EXERCISE DETAILS:
Leaving out the pictures, return word for word the stretch of entries below from the line holding "Sea-turtles-coloring-page-for-kids" through the line holding "An illustration of".

INPUT DATA:
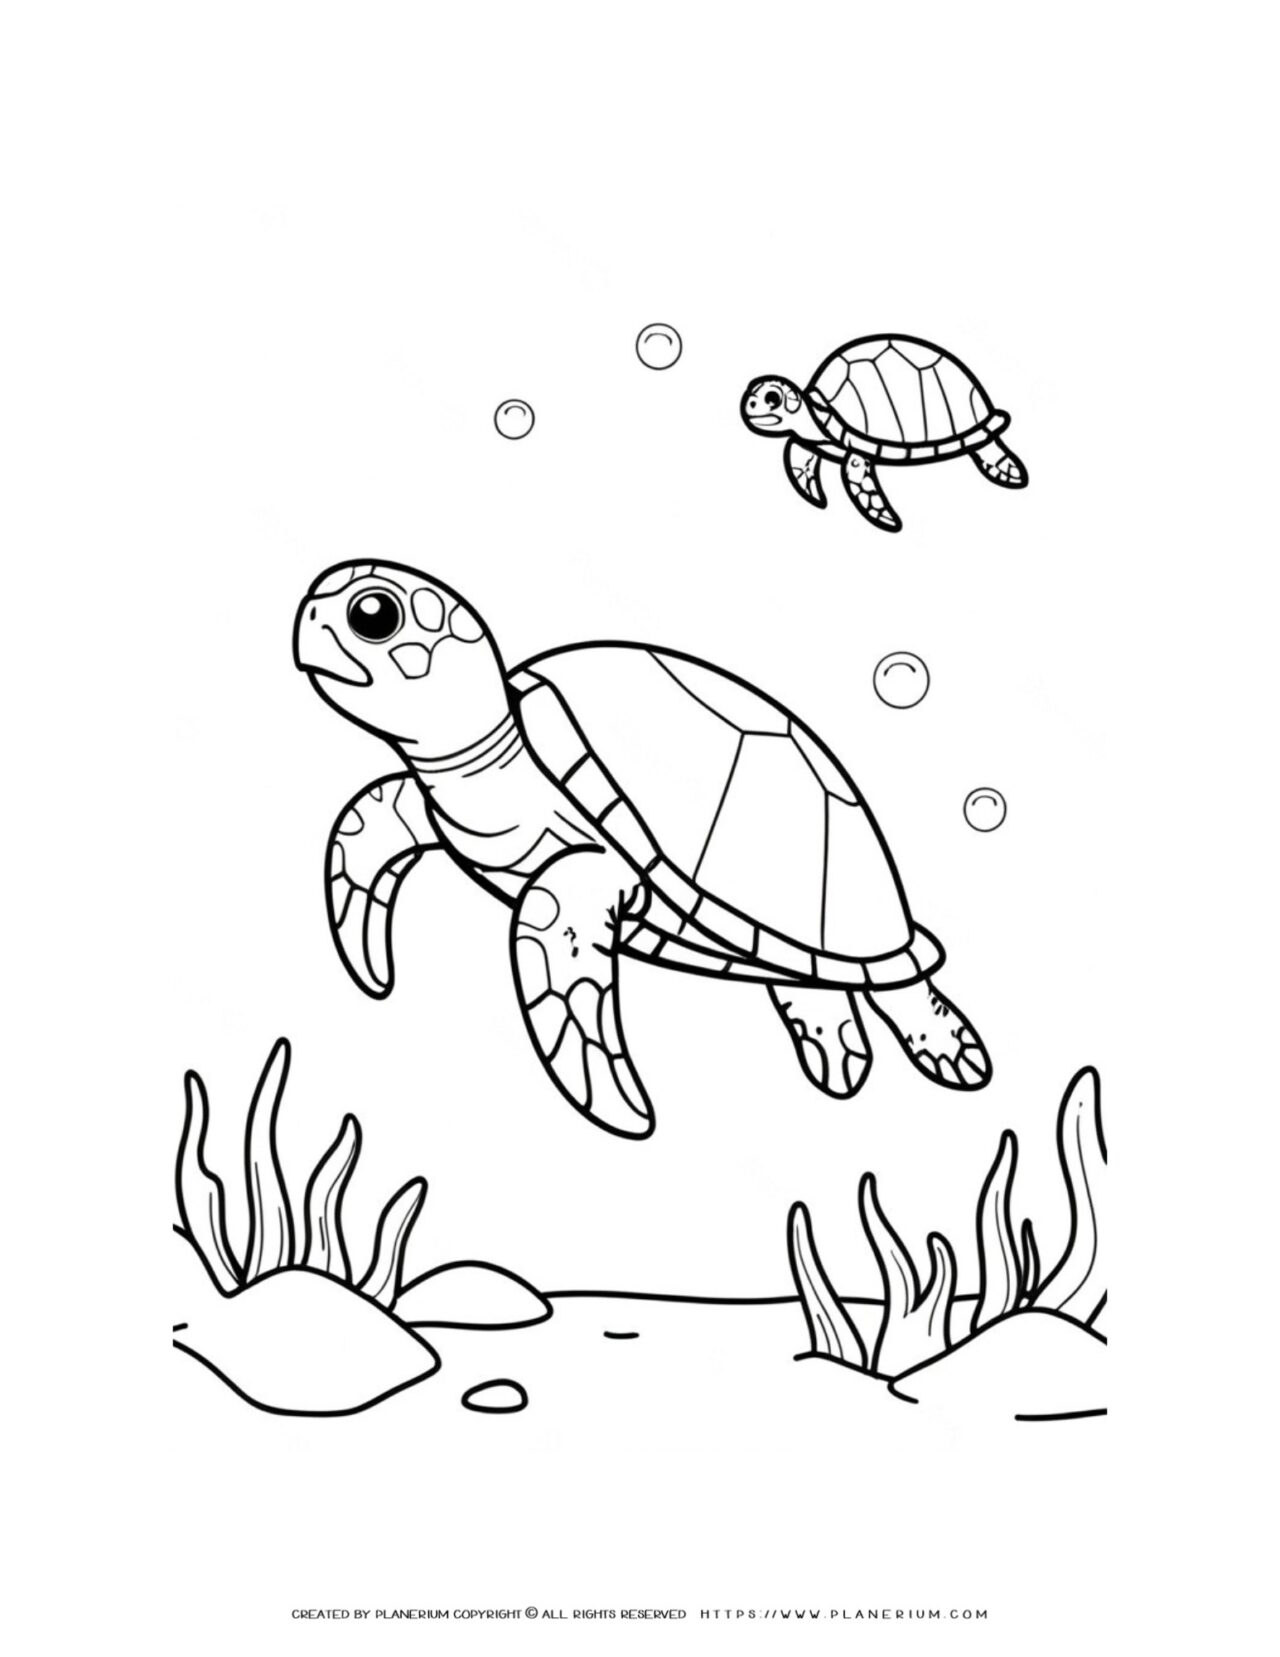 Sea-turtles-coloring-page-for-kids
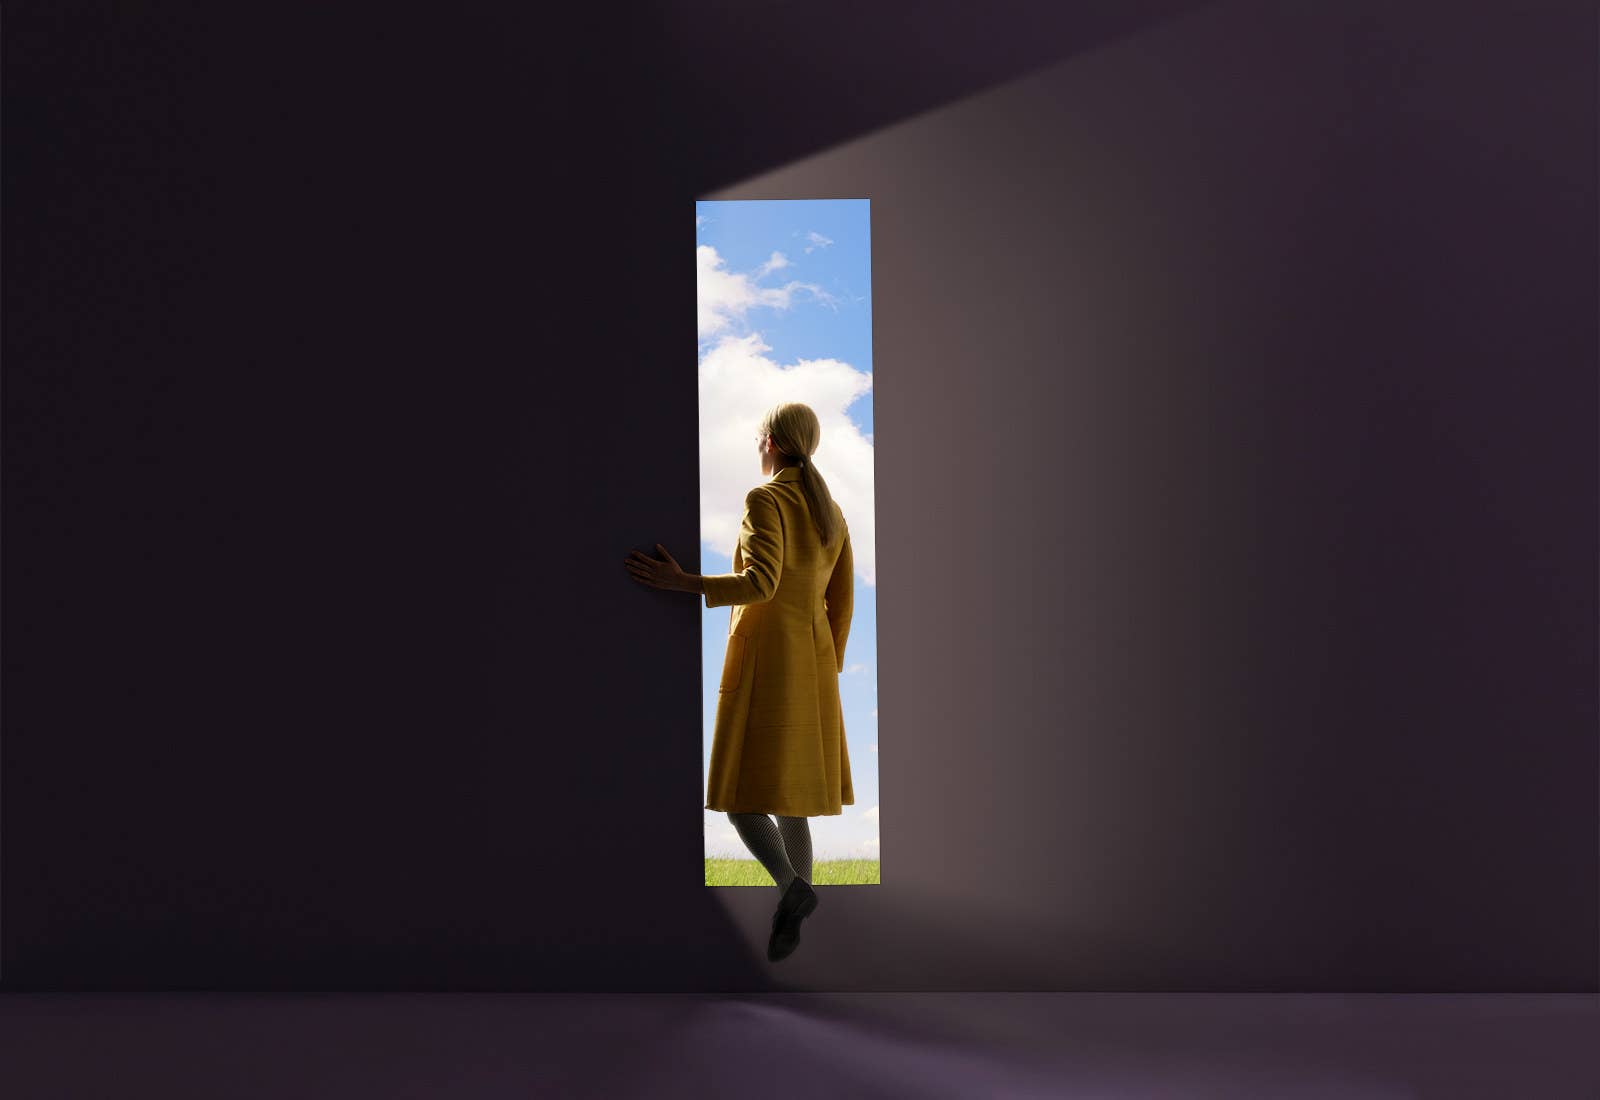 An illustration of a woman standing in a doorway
--
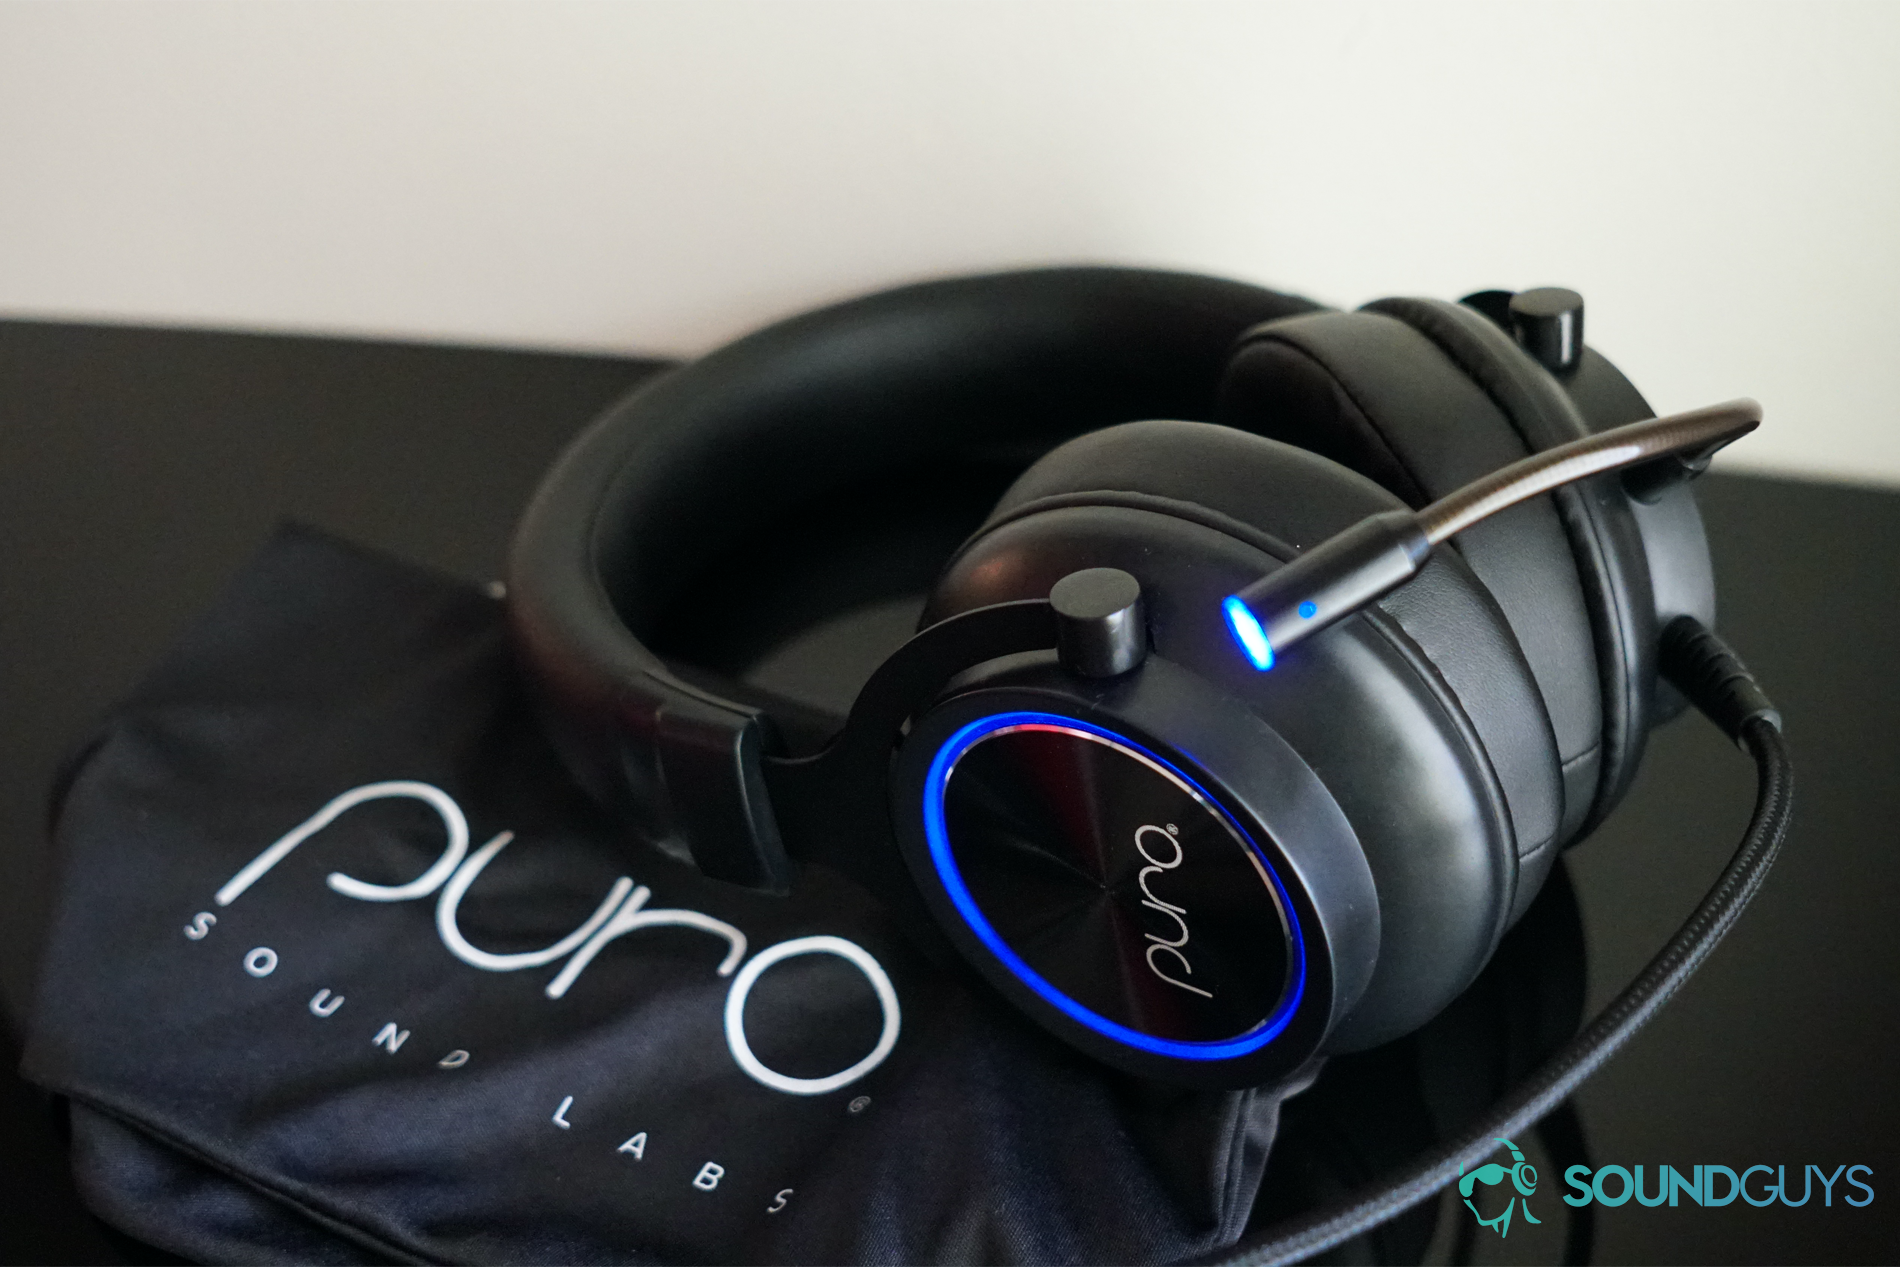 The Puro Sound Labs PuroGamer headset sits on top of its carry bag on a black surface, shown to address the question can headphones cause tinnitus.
==
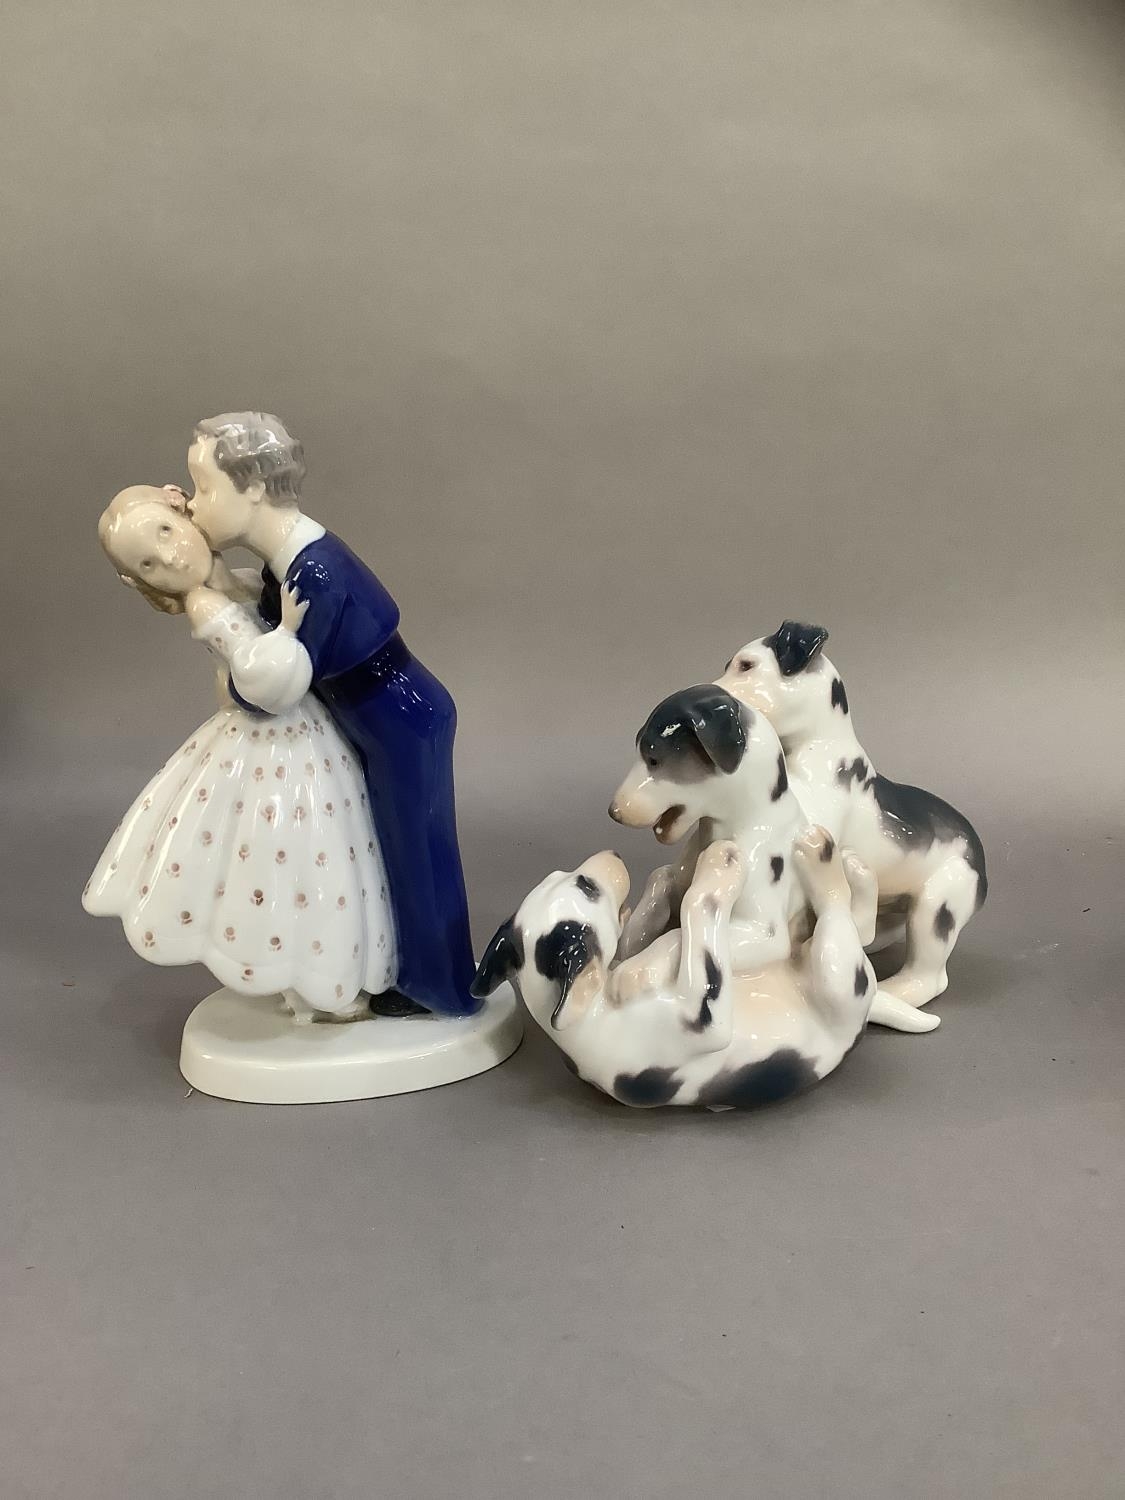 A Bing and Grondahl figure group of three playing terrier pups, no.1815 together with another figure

EXERCISE OUTPUT:
 Sea-turtles-coloring-page-for-kids
 An illustration of a woman standing in a doorway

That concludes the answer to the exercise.